Probiotic fermentation technology was employed in this study to ferment A. membranaceus and Raphani Semen, aiming to enhance the production of beneficial microbial and plant-derived secondary metabolites. Consequently, we hypothesized that probiotic-fermented A. membranaceus and Raphani Semen (PROAS) would exhibit superior efficacy in alleviating CTX-induced immunosuppression compared to unfermented A. membranaceus and Raphani Semen (AS). As anticipated, PROAS not only enhanced immunostimulatory activity but also repaired intestinal barrier damage in CTX-induced immunosuppressed mice. Further investigation revealed that PROAS mitigated CTX-induced immunosuppression via SCFA-dependent or -independent regulation of intestinal immunity.
A. membranaceus and Raphani Semen are TCM prescriptions, used to treat the human body’s weakness of positive qi (deficiency) and pathogenic invasion (standard) at the same time. Fermentation promotes bacterial growth as well as the chemical conversion of TCM [22]. Our research results indicated that A. membranaceus and Raphani Semen significantly promoted the growth of B. longum SD5219, L. fermentum NCIMB5221, and L. paracasei DM2806 (Figure 1A–E).

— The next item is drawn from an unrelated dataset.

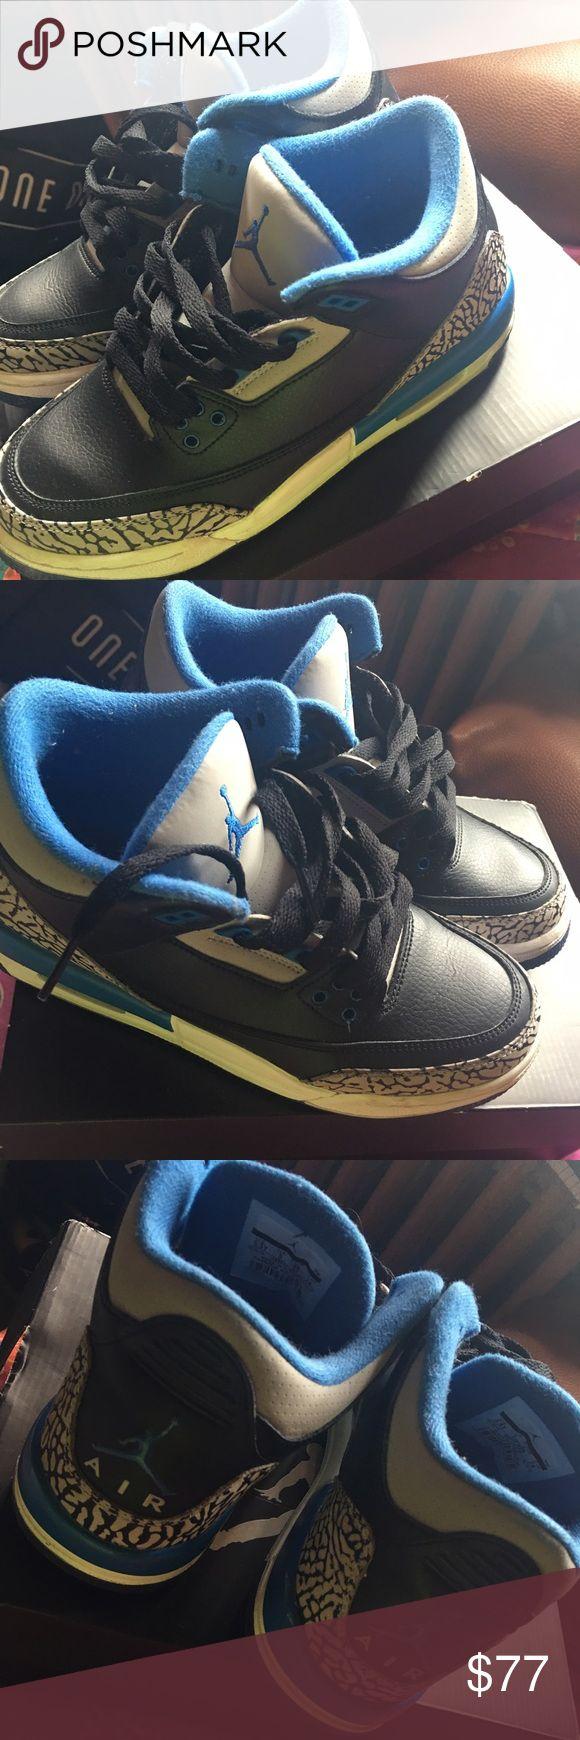 """Air Jordan Retro 3 """"Sport Blue"""" Air Jordan Retro 3 """"Sport Blue"""" Jordan Shoes Sneakers"""

Bifidobacteria and Lactobacillus are non-pathogenic, Gram-positive, and anaerobic bacteria that are predominantly utilized as probiotics owing to their beneficial effects on host health [28]. B. longum, L. fermentum, and L. paracasei have all been documented to exert protective effects on the intestinal mucosa and enhance the host immune responses [29,30,31].
A number of studies have shown that the fermentation of TCMs using L. paracasei and L. fermentum significantly improves their therapeutic effects. For instance, fermenting Curcuma longa with L. paracasei has been shown to ameliorate metabolic disorders in obese mice [32]. Likewise, the extract from Shenheling fermented with L. fermentum significantly improved its anti-obesity efficacy [33]. Therefore, it is essential to investigate the alterations in the primary constituents of A. membranaceus and Raphani Semen prior to (AS) and following (PROAS) co-fermentation by B. longum SD5219, L. fermentum NCIMB5221, and L. paracasei DM2806. In accordance with our prior research [20], the abundances of various predominant active ingredients in Raphani Semen, notably glucoraphenin and glucoraphanin, were significantly elevated in PROAS. Specifically, these glucosinolates are transported to the colon, where they undergo degradation by the intestinal microbiota. This process results in metabolites that can alleviate CTX-induced immunosuppression by enhancing the integrity of the intestinal barrier. The predominant flavonoid glucosides in A. membranaceus were biotransformed into their aglycone forms, specifically formononetin and calycosin, through enzymatic hydrolysis. This transformation likely results in higher absorption rates compared to the glycoside forms [22,34]. Formononetin has been extensively reported to possess anti-inflammatory and anti-tumor properties [35,36]. Calycosin has been reported to possess the capability to repair damage to the intestinal mucosa [37,38]. Probiotic fermentation elicited remarkable transformations in the chemical composition of Astragalus membranaceus and Raphani Semen, potentially augmenting the efficacy of PROAS in mitigating immunosuppression.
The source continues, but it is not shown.